Q&A: Holy Hive discuss the feelings, people, and relationships that inspire their signature sound

Q&A: Holy Hive

Holy Hive are the self-described pioneers of “Soul Folk” – a mash of the musical backgrounds of band members Paul Spring and Homer Steinweiss which results in the soft and homely sound in their debut album, Float Back To You. No Mas sat down with the two to track down the feelings, people, and relationships that inspire their signature sound.

Tomás Carlson, a.k.a. No Mas, hosts “Bonus Tracks” on WRBB 104.9 FM every Friday at 11 a.m. Each week, No Mas interviews emerging and established artists, breaking down the songs and ideas behind the records. This interview aired on “Bonus Tracks” on Feb. 12, 2021.

Listen toHoly Hive byBonus Tracks on hearthis.at

No Mas: I just want to start by going off of the background of the band. I remember that you had kind of a funny story on how the band started, you said you met through a family connection?

Paul Spring: So, I am married to Homer’s fiancée‘s cousin. They’re both from Minnesota, I’m from Minnesota, Homer’s from Brooklyn. But we met years ago and I was just friends with Sophia back in high school and he came to visit their family farm. I’ve known them a long time and over the years it developed into a musical relationship.

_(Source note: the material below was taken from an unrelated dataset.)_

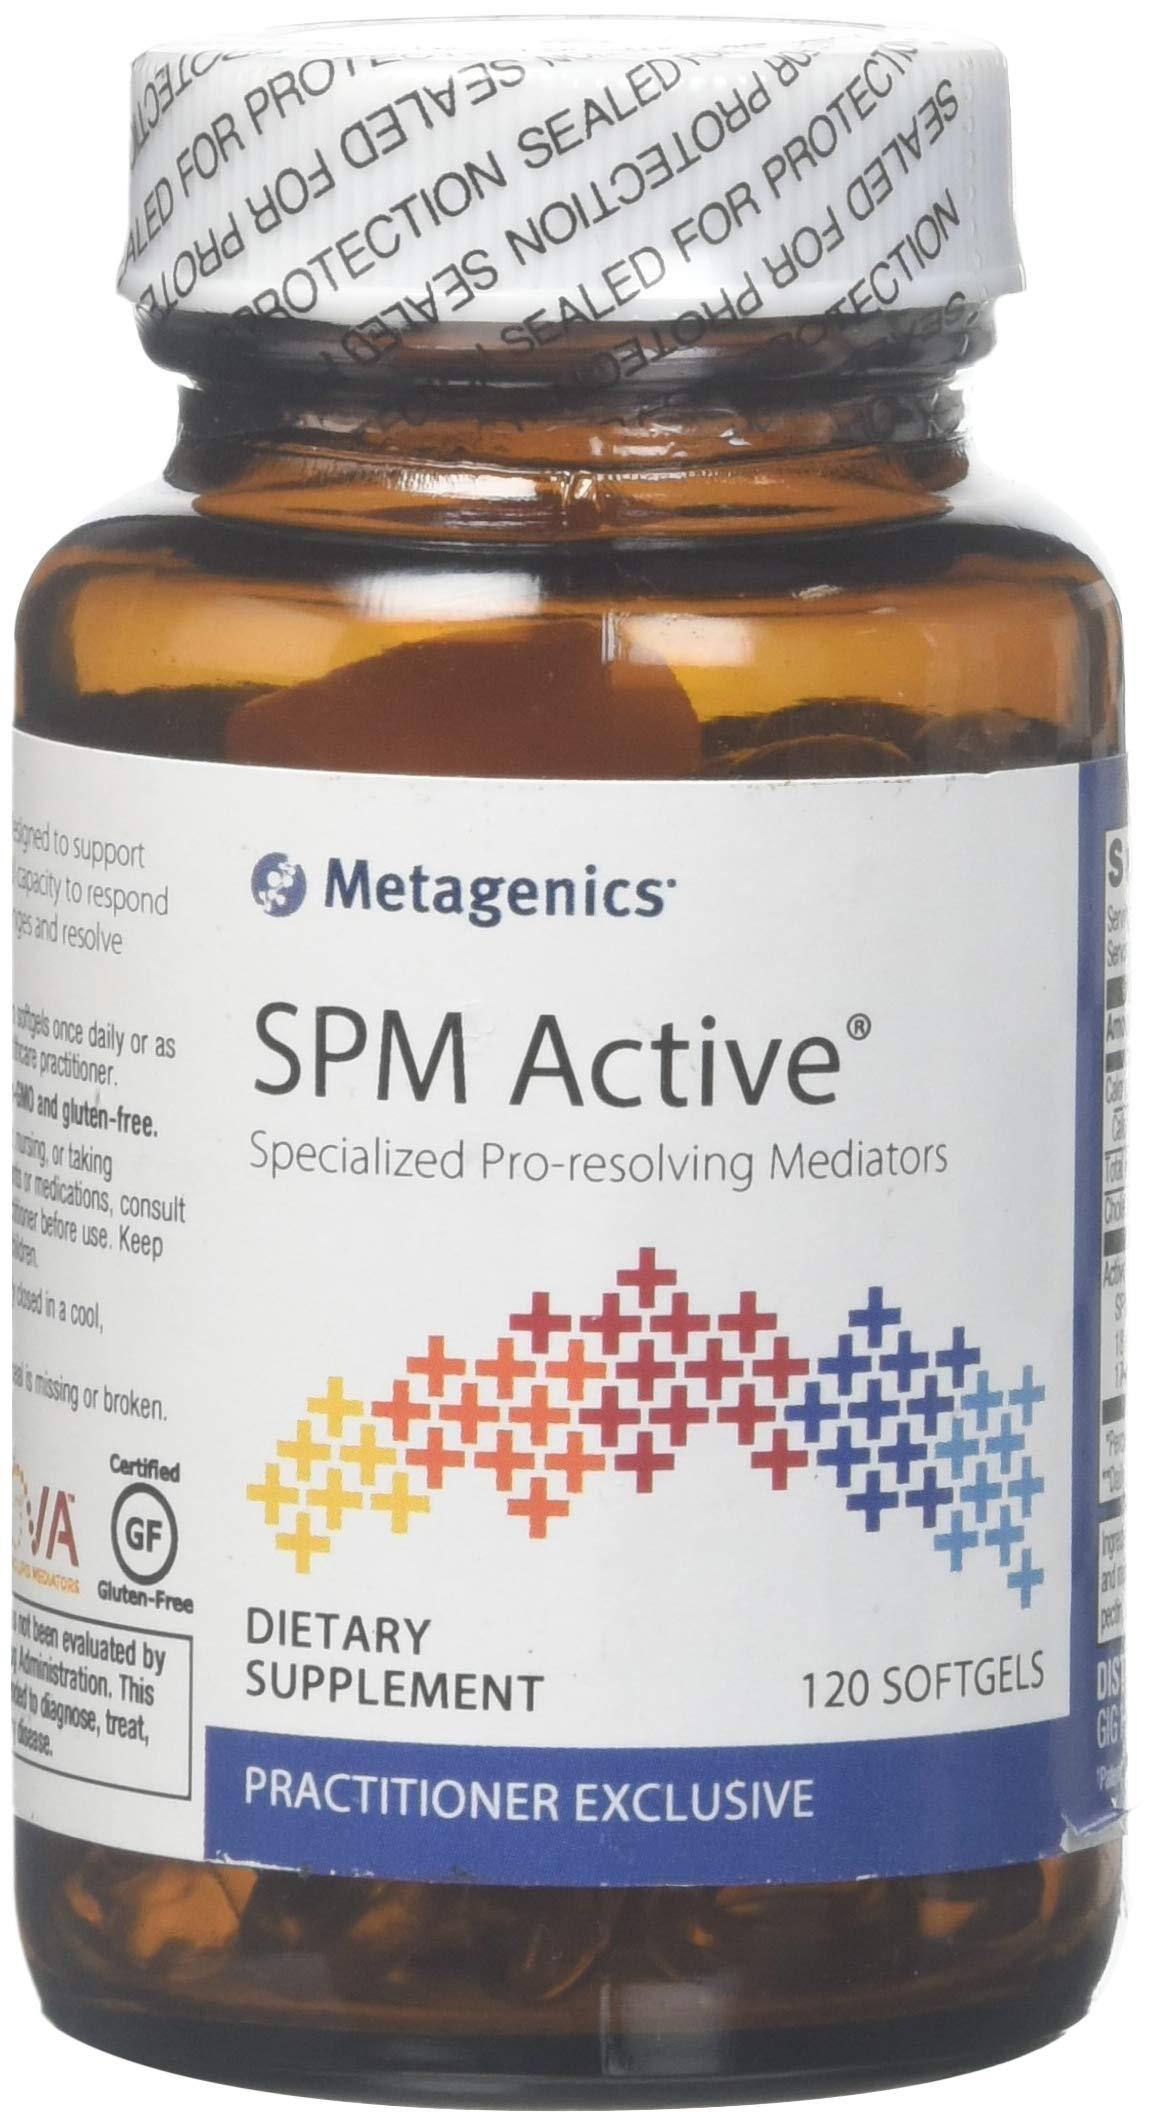 Metagenics - SPM Active, 120 Count

So how did that develop? I know that just because you’re family friends with someone doesn’t mean you really click musically. Just like the thought of “oh so-and-so does music as well” can be forced, so how did the collaborative atmosphere grow between you two?

Paul Spring: Yeah, so Homer, at that point since he was very young, was like a pro musician touring the country and I was, I just played locally around Minnesota and [I] showed him some of my music way back then. [I] was working on new music and sometimes some demos and we [would go out] to this studio right here, which was just built at that time because he would come like every summer. Sophia and I just started dating so this was like, 2014 or 2015. And so he invited me out here, we made a solo record, and then I was touring that record and came back and we made another record, and I was kind of tired of playing by myself all the time, which I’ve been doing for like, you know six years. [So] I asked if we could make it into a band, which we did. We called it Holy Hive and then shortly thereafter I moved out here to New York from Minnesota and we worked on this album, Float Back To You, for two years from like 2017 through when it came out last May.

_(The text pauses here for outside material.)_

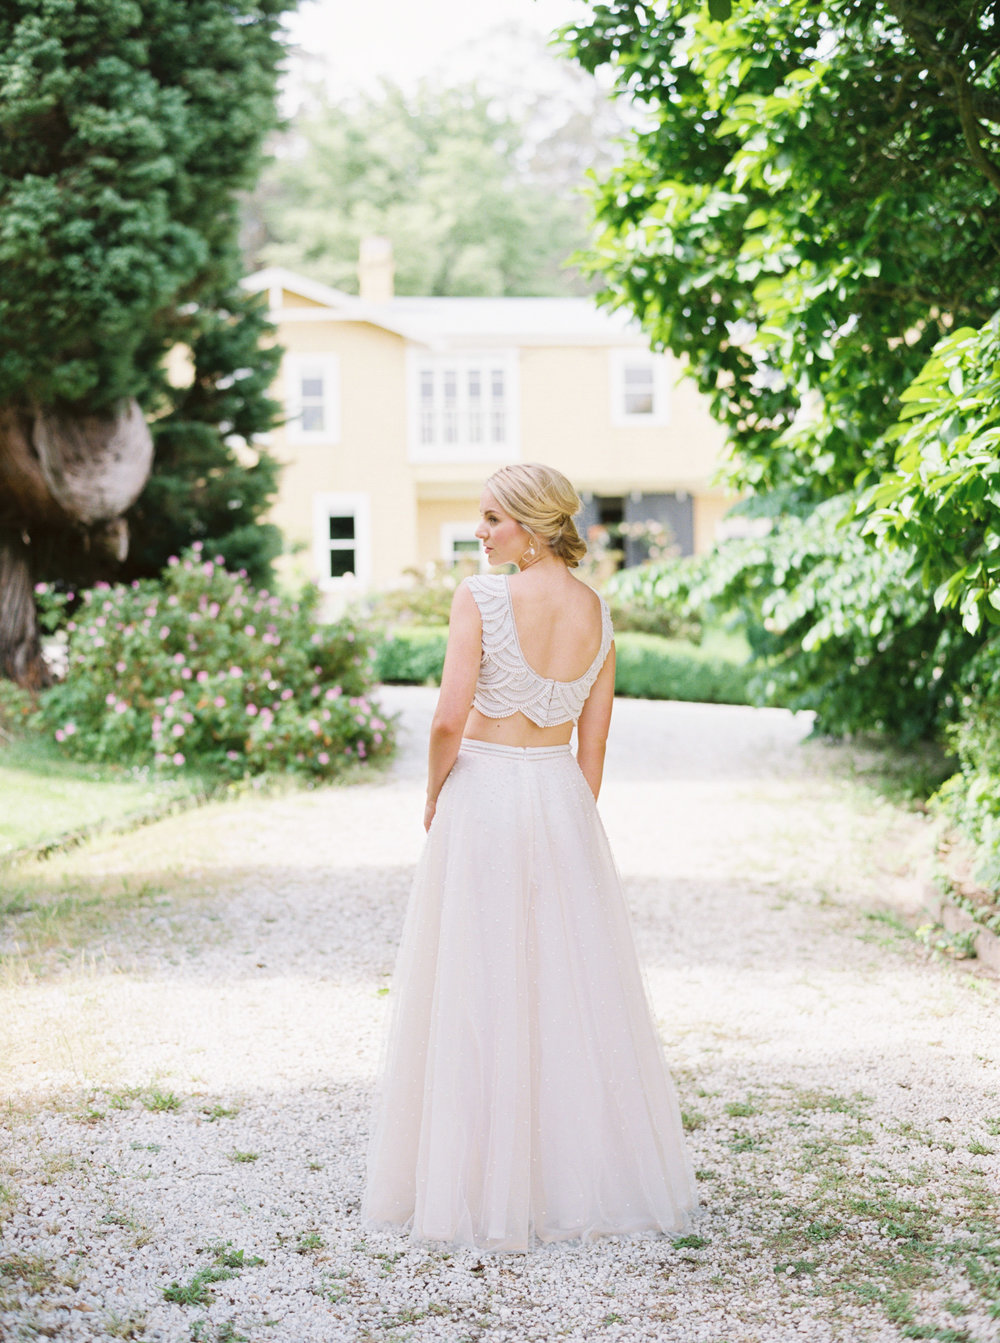 Timeless Southern Highland Wedding Elopement in Bowral NSW Fine Art Film Photographer Sheri McMahon-27.jpg

Homer Steinweiss: I can add to that just to answer the original question. Like when we first met, Paul was super young and I was young as well, and I actually saw Paul’s high school band playing and was kind of impressed by his voice. And then like a couple years later he gave me some demos and stuff like, “hey you want to make a record?” and I was a little bit hesitant at first because like you know, like you said it’s like you don’t often, like, mix family and business and stuff, but then I started going through demos and thought it would be fun. I was into the music and thought it would be fun to try something and we started collaborating on the farm just like in this little room and it was like kind of instantly like a lot of fun and it was like: oh man, this could be like a totally different direction for me because I’ve been doing so much touring and drumming and this time it was like a totally different type of record and then that kind of like is how it went from being a family thing to like a music world thing.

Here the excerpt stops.